__WORK INSTRUCTIONS__: Images in the data are to be skipped, while every line is restated exactly as written.

__PROVIDED MATERIAL__:
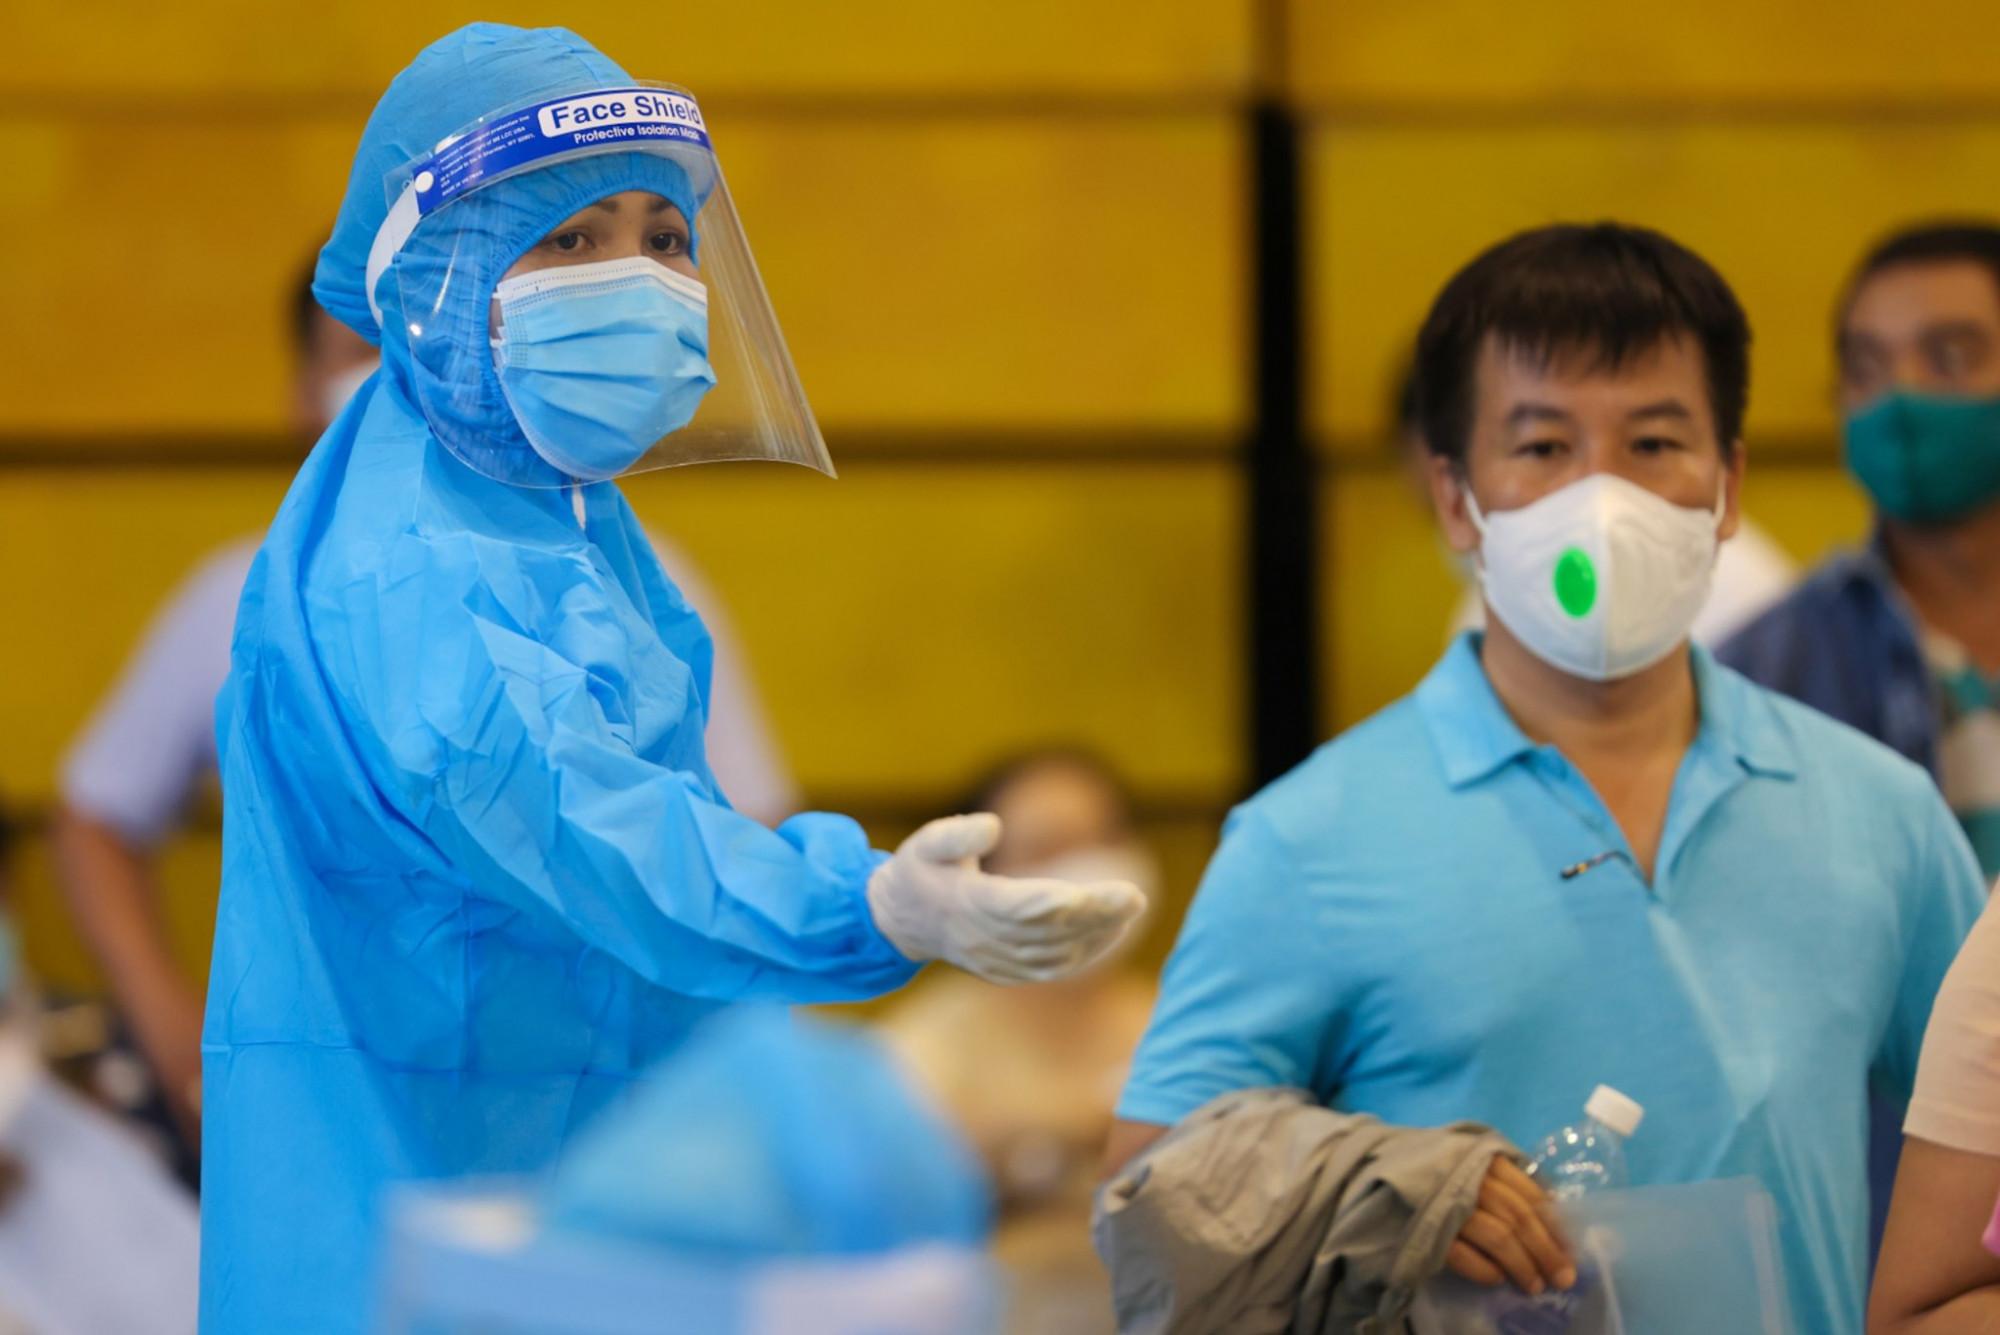 Hoa hậu Hoàn vũ Việt Nam 2017 H'Hen Niê hướng dẫn người dân khi đến tiêm vắc-xin tại nhà thi đấu Phú Thọ. Trước đó, cô cũng cùng một số nghệ sĩ đến dọn dẹp ký túc xá, thăm hỏi tuyến đầu chống dịch tại ký túc xá ĐHQG TPHCM (TP Thủ Đức).
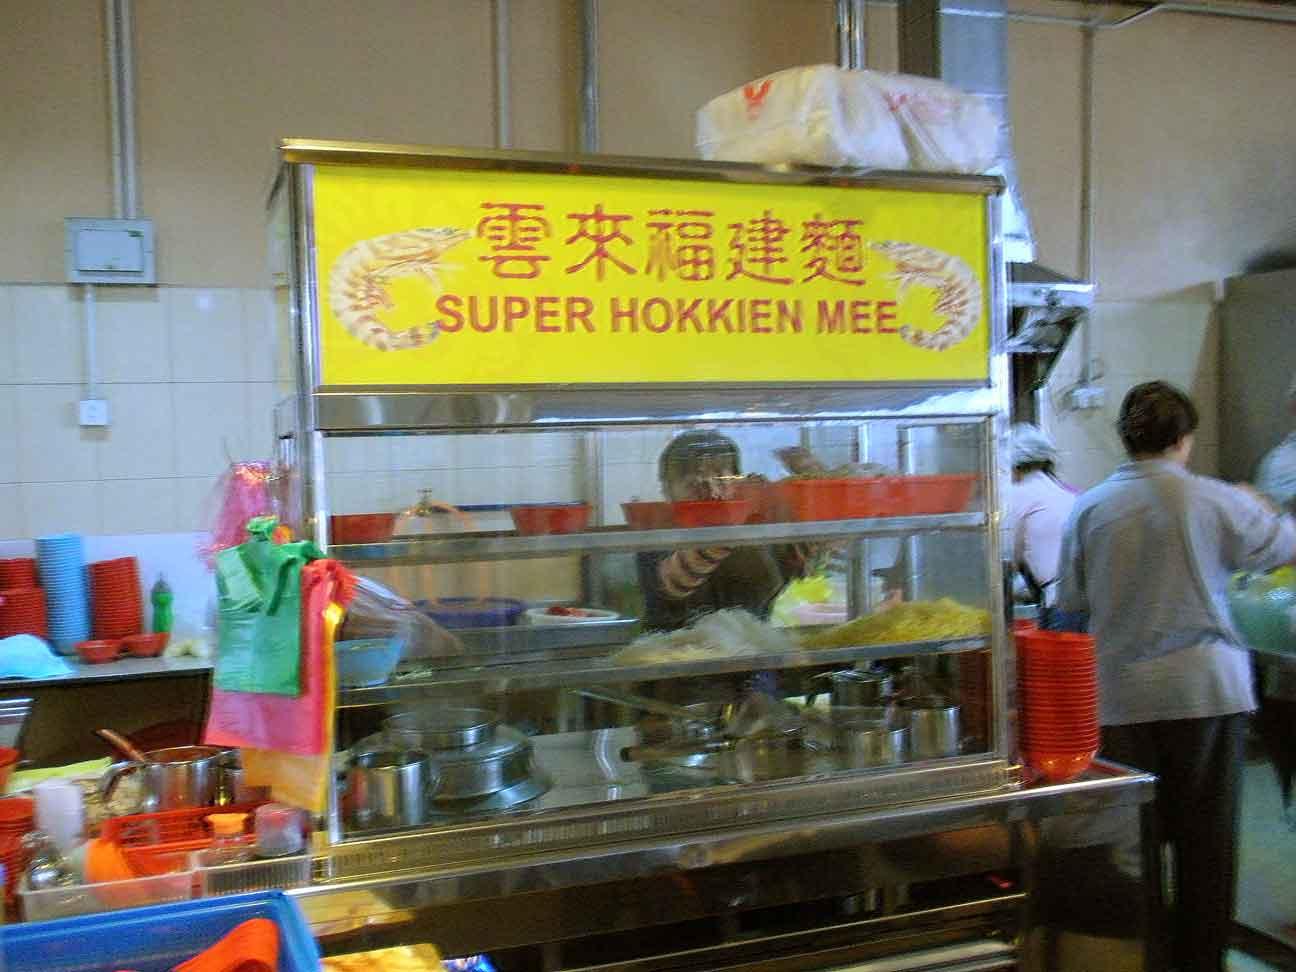 Super Hokkien Mee
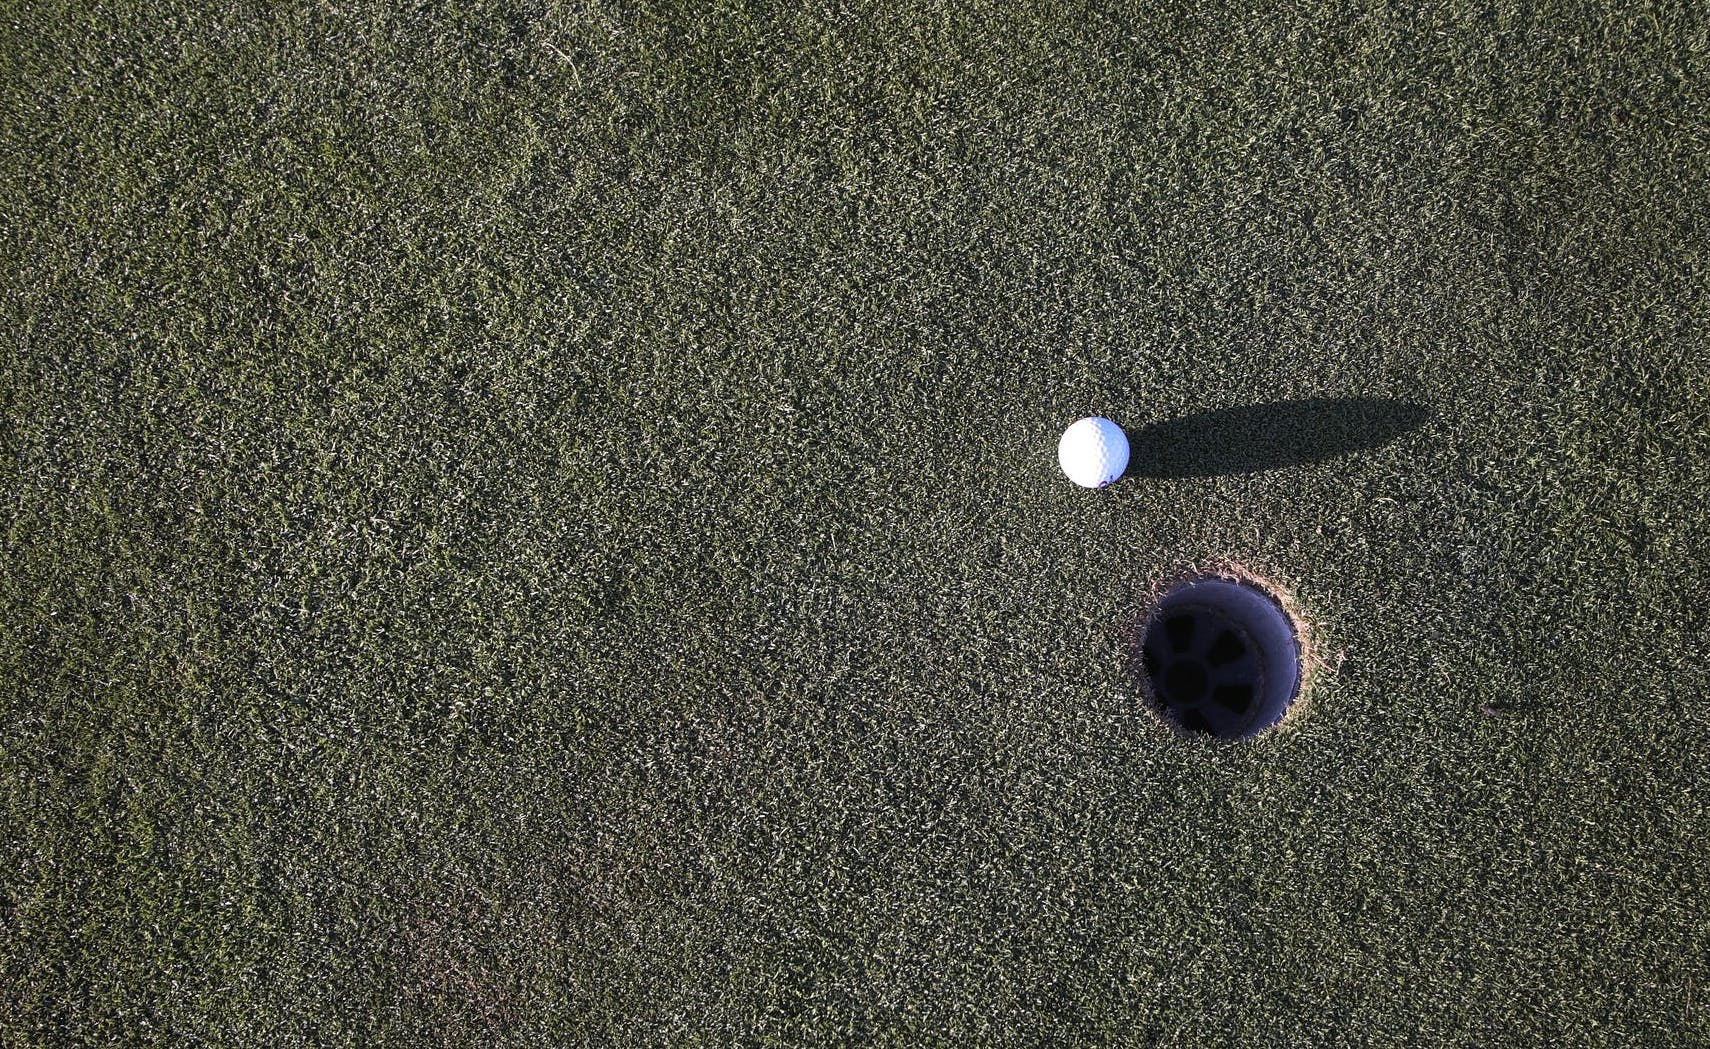 Un green de golf à domicile? Le rêve à portée de swing !
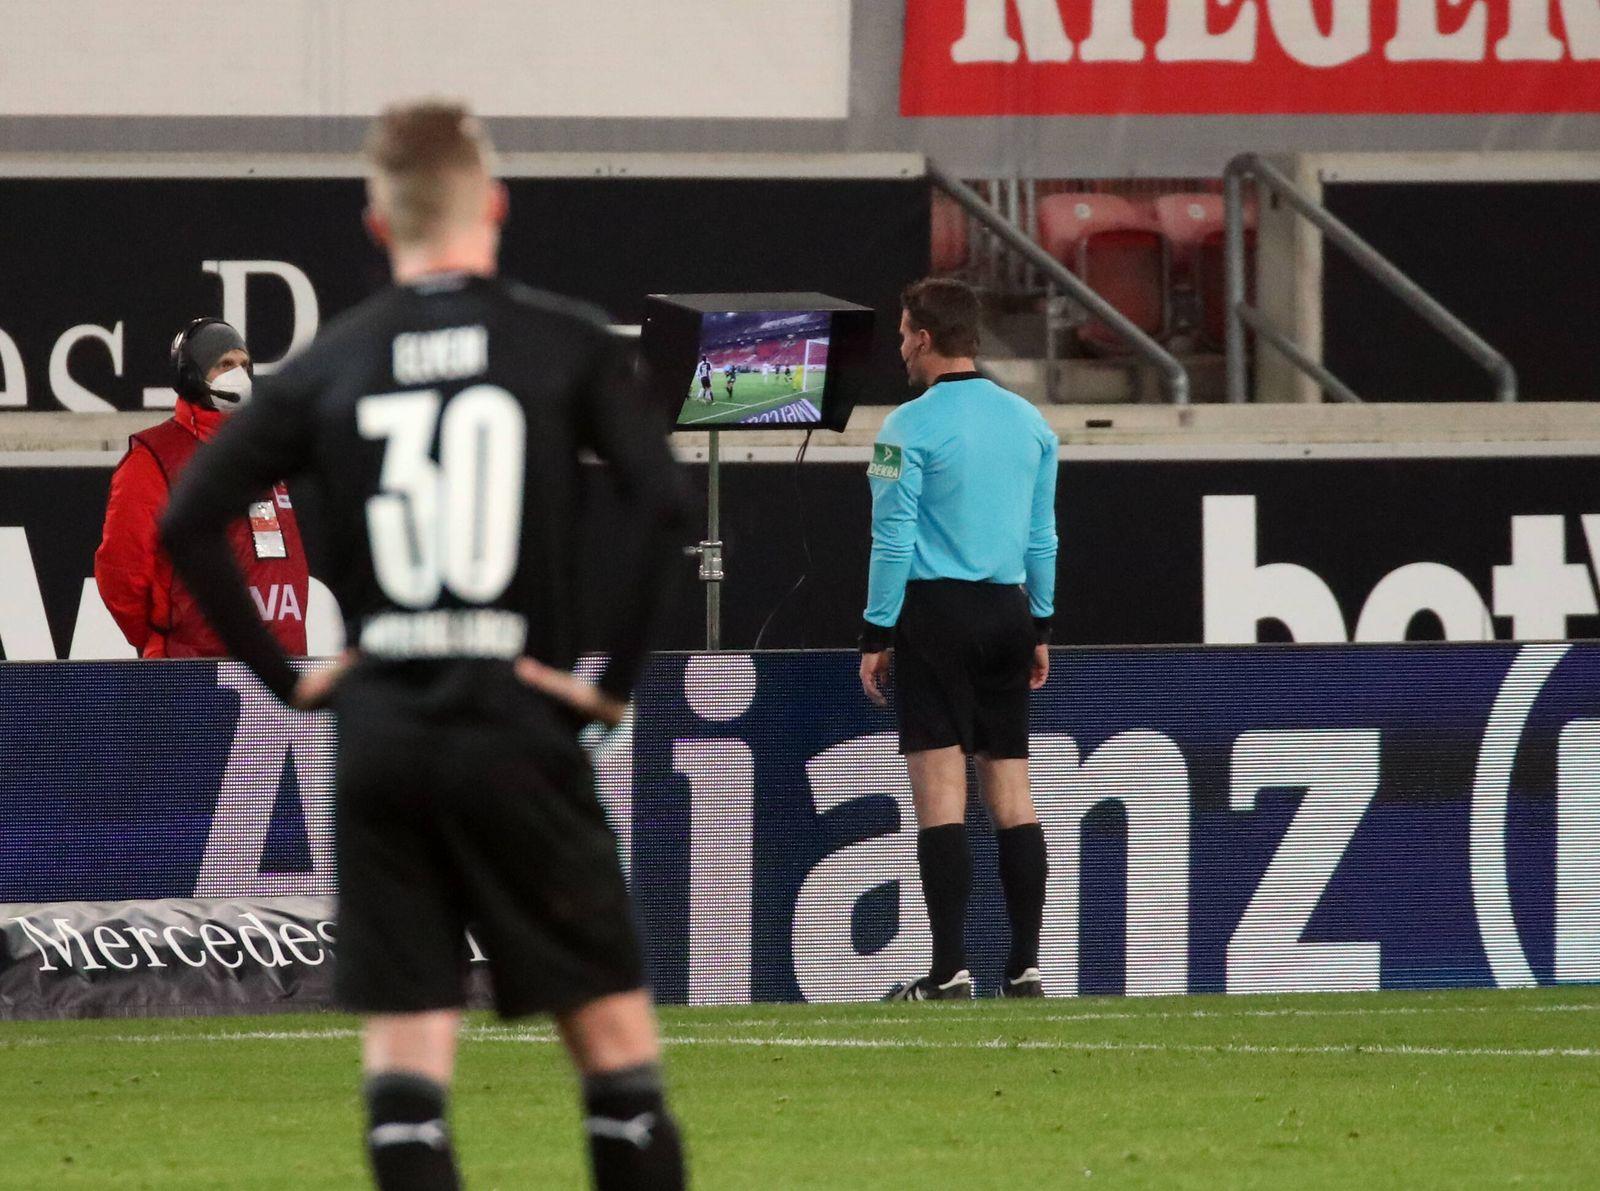 16.01.21 VfB Stuttgart - Borussia Mönchengladbach Deutschland, Stuttgart, 16.01.2021, Fussball, Bundesliga, Saison 2020

__THE ANSWER__:
 Hoa hậu Hoàn vũ Việt Nam 2017 H'Hen Niê hướng dẫn người dân khi đến tiêm vắc-xin tại nhà thi đấu Phú Thọ. Trước đó, cô cũng cùng một số nghệ sĩ đến dọn dẹp ký túc xá, thăm hỏi tuyến đầu chống dịch tại ký túc xá ĐHQG TPHCM (TP Thủ Đức).
 Super Hokkien Mee
 Un green de golf à domicile? Le rêve à portée de swing !
 16.01.21 VfB Stuttgart - Borussia Mönchengladbach Deutschland, Stuttgart, 16.01.2021, Fussball, Bundesliga, Saison 2020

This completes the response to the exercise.